# Direct vs Pro logic



## the_rookie (Sep 30, 2008)

I noticed when i was playing music on my stereo that when I have it in Dolby Prologic "Enhanced" or "normal" that my music doesnt seem as bright as when I have it in just "direct"/"effect off".

It seems to be missing the width, treble and the overall "mid" volume decreases. I would say the....region of 16K-13K frequencies and 9k-7k of frequencies kinda soften. The best sound example is say the crash on drums sounds much softer and less pronounced. But the guitar sounds just as loud.
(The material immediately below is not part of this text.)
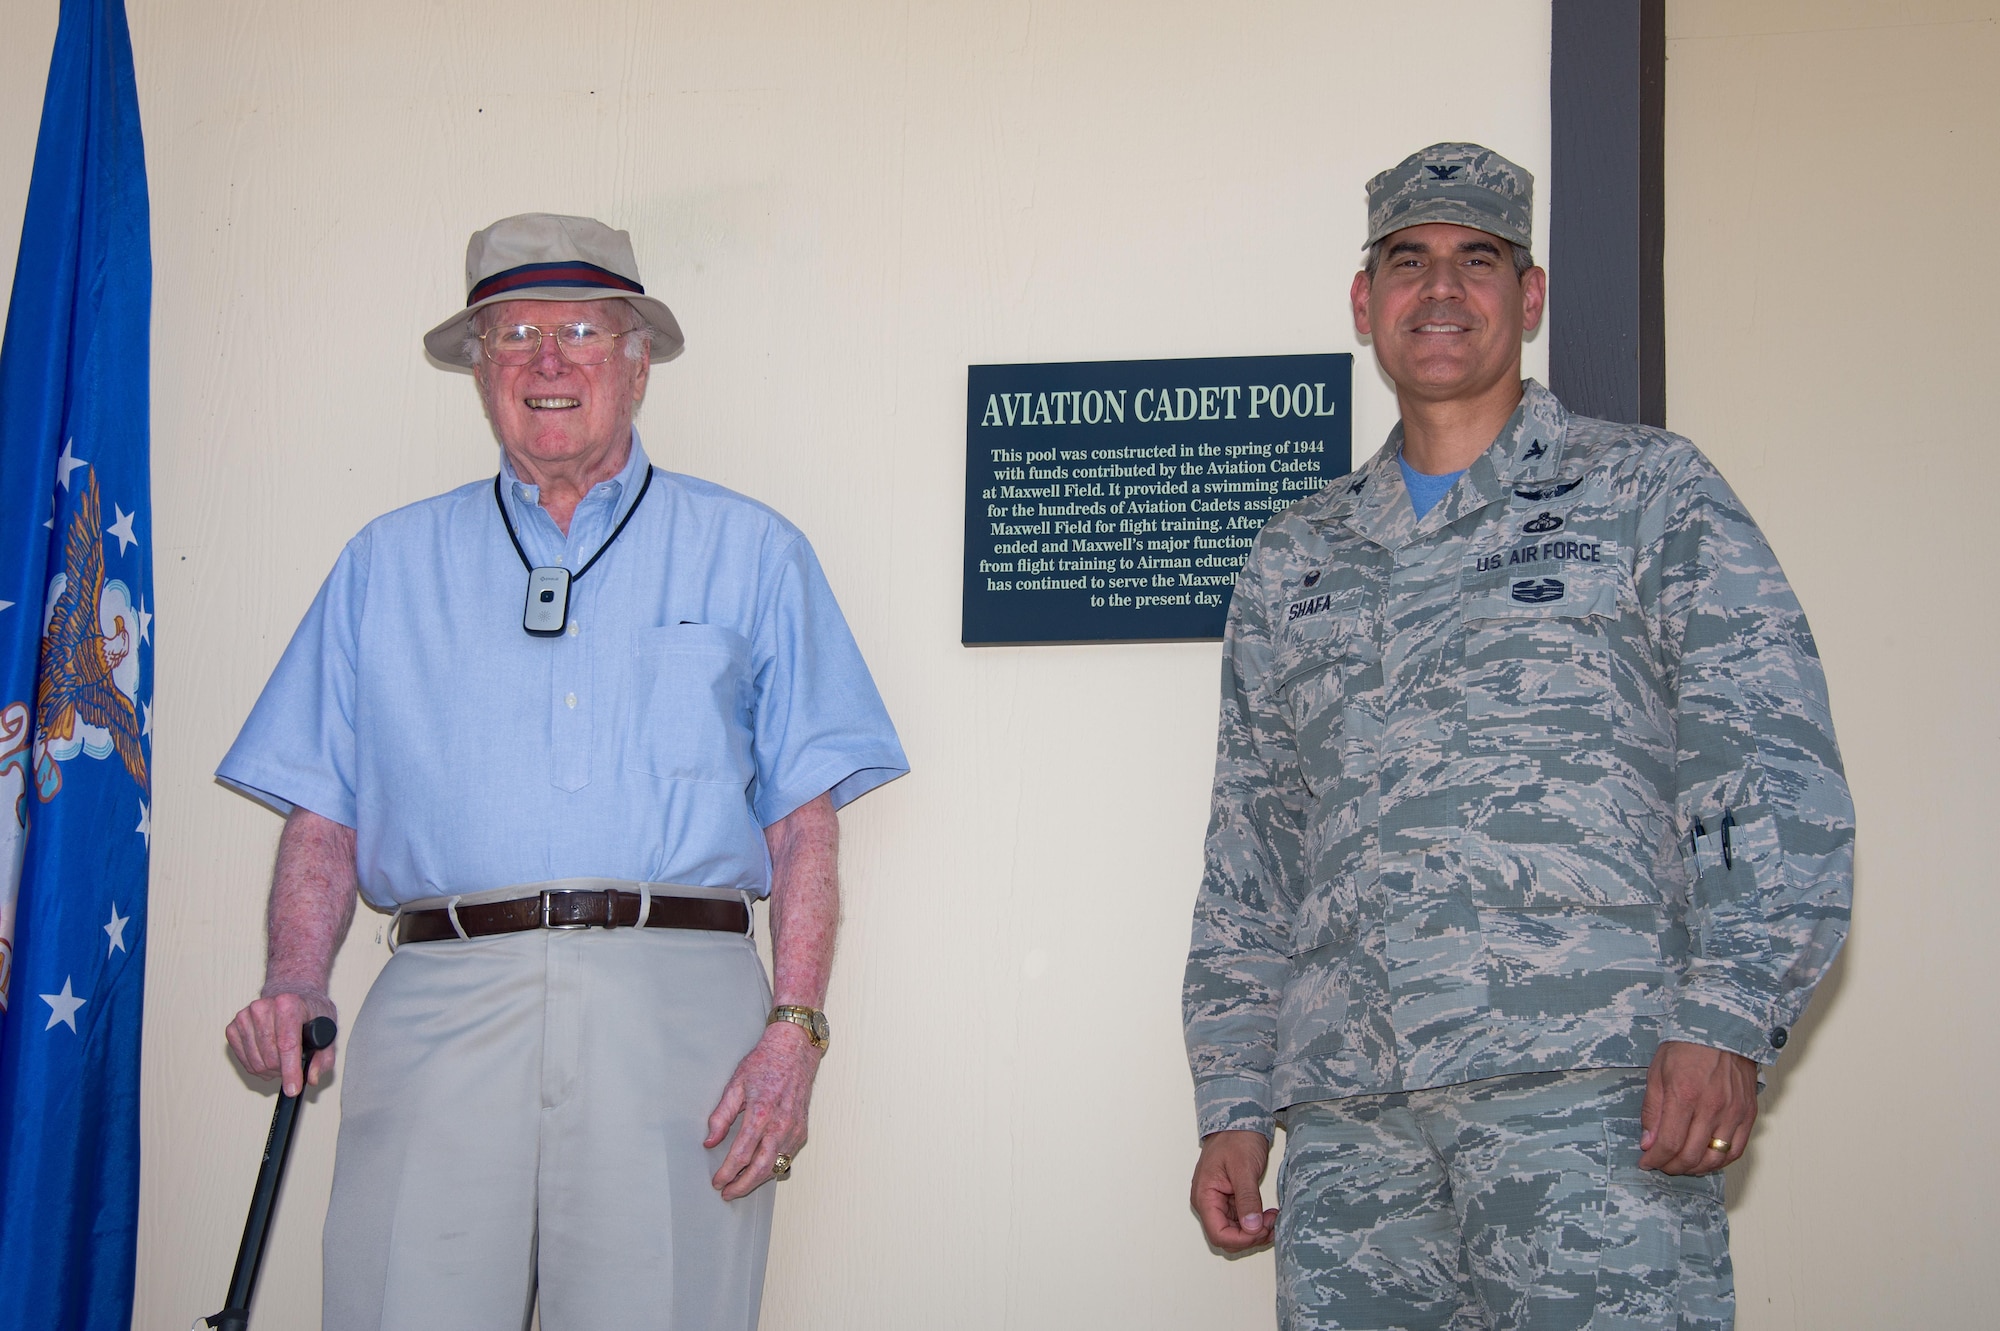 Col. Eric Shafa, 42nd Air Base Wing Commander, and reitred Col. William Quinn, former aviation cadet at Maxwell Air Force Base, Ala., renames the Maxwell Community Pool as the Aviation Cadet Pool, June 9, 2017. The pool was constructed in  1944 with funds contributed by the Aviation Cadets at Maxwell Field. It provided a swimming facility for the hundreds of Aviation Cadets assigned to Maxwell Field for flight training.  (US Air Force photo by Melanie Rodgers Cox)

What could be some of the reasons


----------



## tonyvdb (Sep 5, 2007)

Dolby Prologic is only taking the analog signal (it is not a digital mix) and is not always suited for music as it is not always recorded with that in mind. When a Dolby Surround soundtrack is produced, four channels of audio; Left, Center, Right, and Mono surround are matrix-encoded onto two audio tracks. These two tracks are then carried on stereo program sources such as CDs, videotapes and TV broadcasts where they can be decoded by Dolby Pro Logic to recreate the original four-channel surround sound experience.

What you are probably experiencing is the fact that your particular choice of music is not recorded using Dolby pro Logic in the loop.


----------



## drdoan (Aug 30, 2006)

Plus, in order for ProLogic to be effective you must have at least 4 or more speakers attached to the receiver. Have fun. Dennis


----------



## the_rookie (Sep 30, 2008)

I have a 5.1 system hooked up to the receiver. And its most of the time I hear this problem with most of my music.

I was wondering if it could be my center channel itself. Or maybe a newer Receiver itself might make it better.


----------



## tonyvdb (Sep 5, 2007)

the_rookie said:


> I have a 5.1 system hooked up to the receiver. And its most of the time I hear this problem with most of my music.
> 
> I was wondering if it could be my center channel itself. Or maybe a newer Receiver itself might make it better.


Could be a little of both, what speakers are you using for your fronts and center?


----------



## the_rookie (Sep 30, 2008)

1x Polk Audio CSi25 (Center Speaker)
2x Polk Audio R50 (Tower Speakers)
1x Yamaha Natural Sound Stereo Receiver RX-V480 (Receiver)


----------



## tonyvdb (Sep 5, 2007)

Your mains are defiantly stronger than your center but your center is not bad. Your receiver is fairly old, have you given any thought to upgrading?


----------



## the_rookie (Sep 30, 2008)

Yeah, but would that make a such a difference in my musical selection?

Cuz dont most AVRs do the same thing, which is amplify the signals?


----------



## tonyvdb (Sep 5, 2007)

yes, and no. the newer receivers have built in room correction and auto eq's that work very well to make all channels preform properly and to make each speaker sound there best.


----------



## the_rookie (Sep 30, 2008)

Really eh? Hmmm, i will have to look into it more. I might have to upgrade soon...well idk, i think i need to re-adjust my priorities...


----------



## tcarcio (Jun 27, 2007)

I have a Pioneer Elite reciever that has 7 channel stereo and it sounds great, not true stereo with 7 channels but it fills the room up nicely.


----------



## drdoan (Aug 30, 2006)

My Denon receiver has the Audyssey MultiEQ system that is amazing at setting up all the speakers in a system. I get the best sound with it than anything I tried myself. Several companies incorporate it with their products. If you can, give it a try. Dennis


----------